- Input data -
━━━━━━━━━━

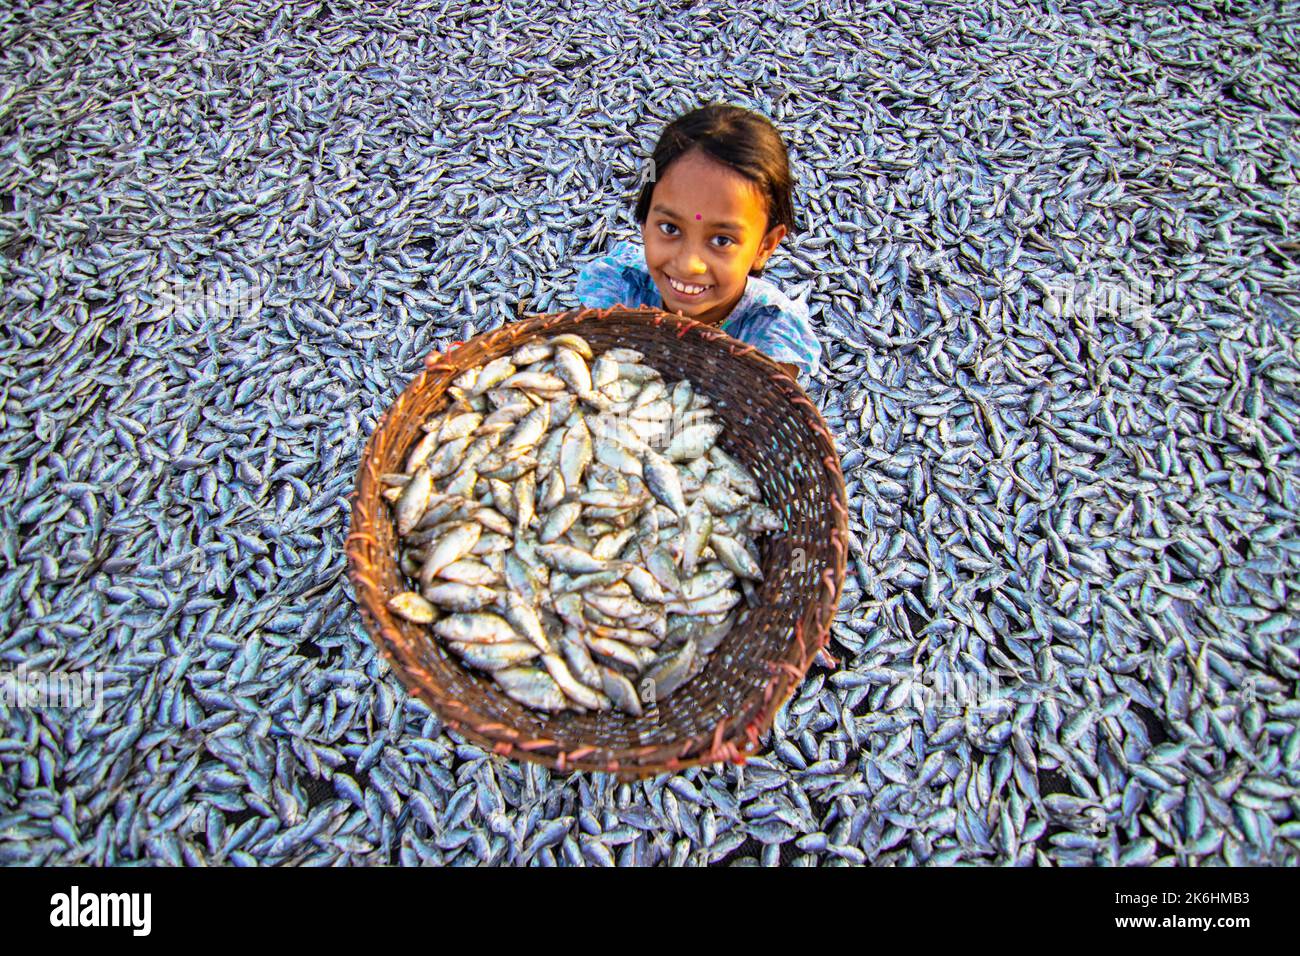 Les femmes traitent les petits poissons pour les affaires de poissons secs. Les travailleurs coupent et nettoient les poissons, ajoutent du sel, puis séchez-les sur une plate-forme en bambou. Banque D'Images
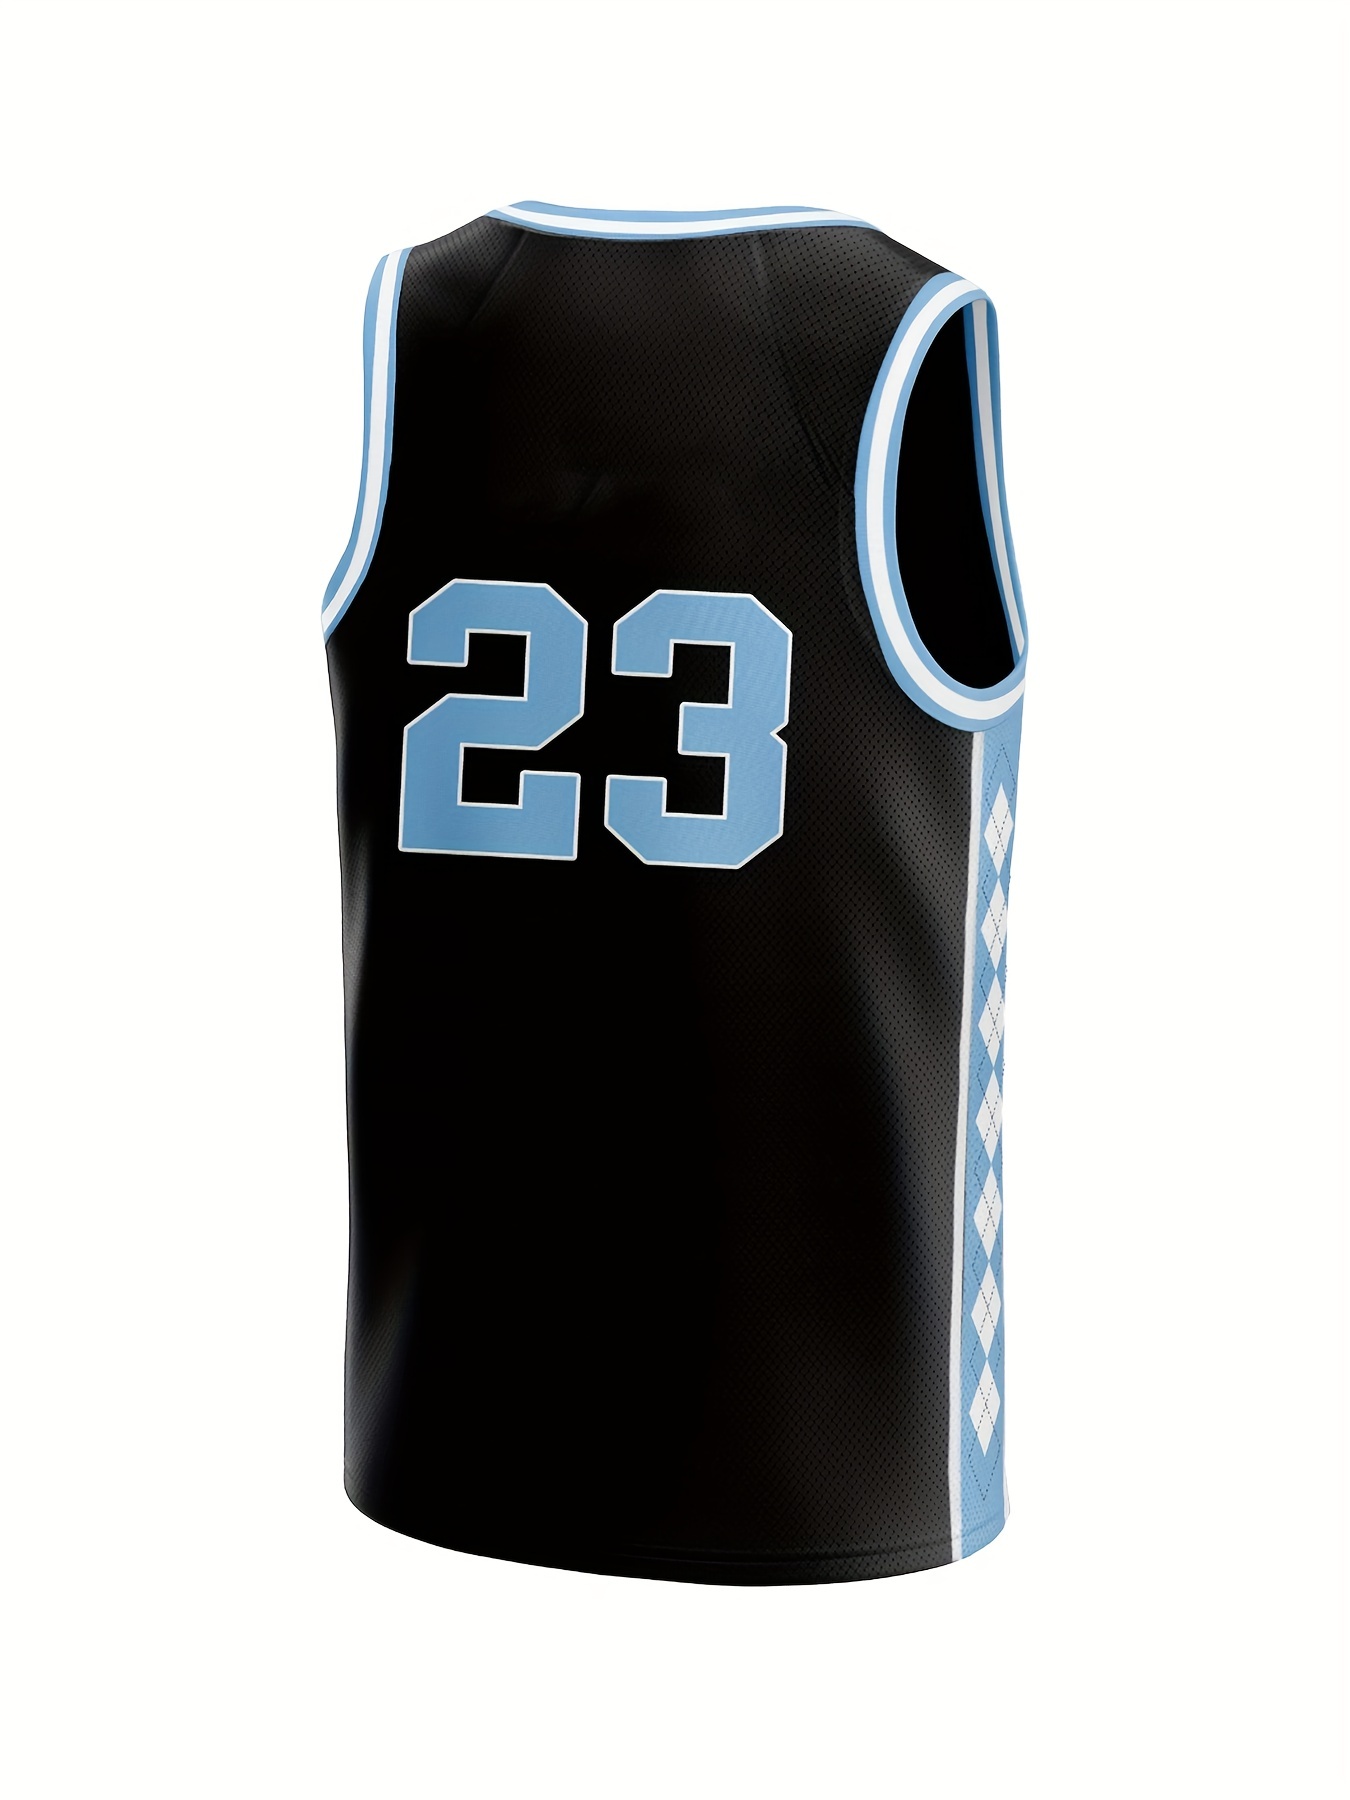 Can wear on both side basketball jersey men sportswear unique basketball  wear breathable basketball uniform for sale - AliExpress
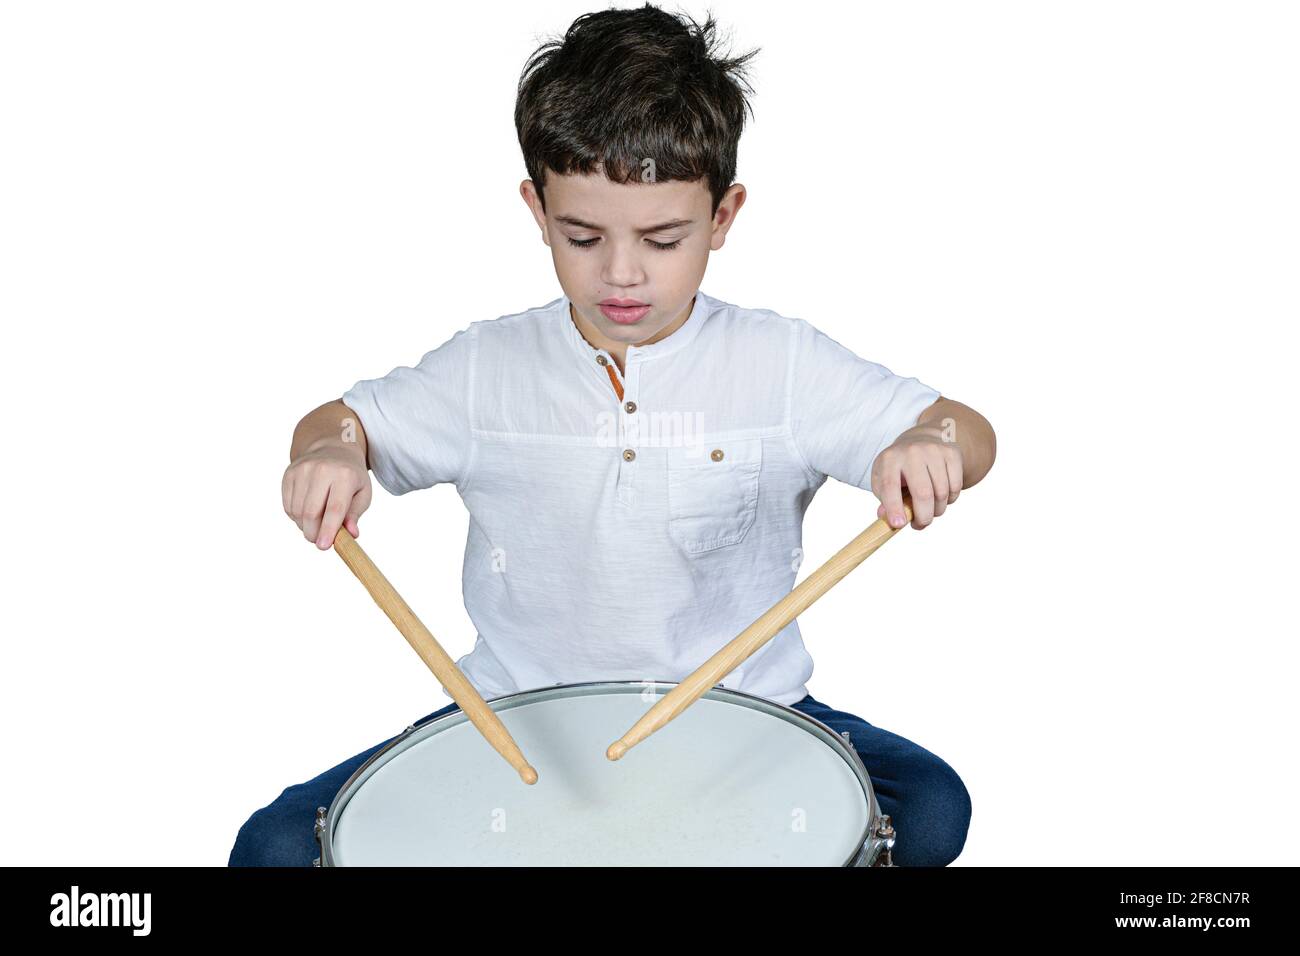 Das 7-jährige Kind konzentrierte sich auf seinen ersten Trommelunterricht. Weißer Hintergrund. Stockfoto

━━━━━━━━━━

Print out all the material word for word but exclude any images.

- Output for this exercise -
 Les femmes traitent les petits poissons pour les affaires de poissons secs. Les travailleurs coupent et nettoient les poissons, ajoutent du sel, puis séchez-les sur une plate-forme en bambou. Banque D'Images
 Can wear on both side basketball jersey men sportswear unique basketball  wear breathable basketball uniform for sale - AliExpress
 Das 7-jährige Kind konzentrierte sich auf seinen ersten Trommelunterricht. Weißer Hintergrund. Stockfoto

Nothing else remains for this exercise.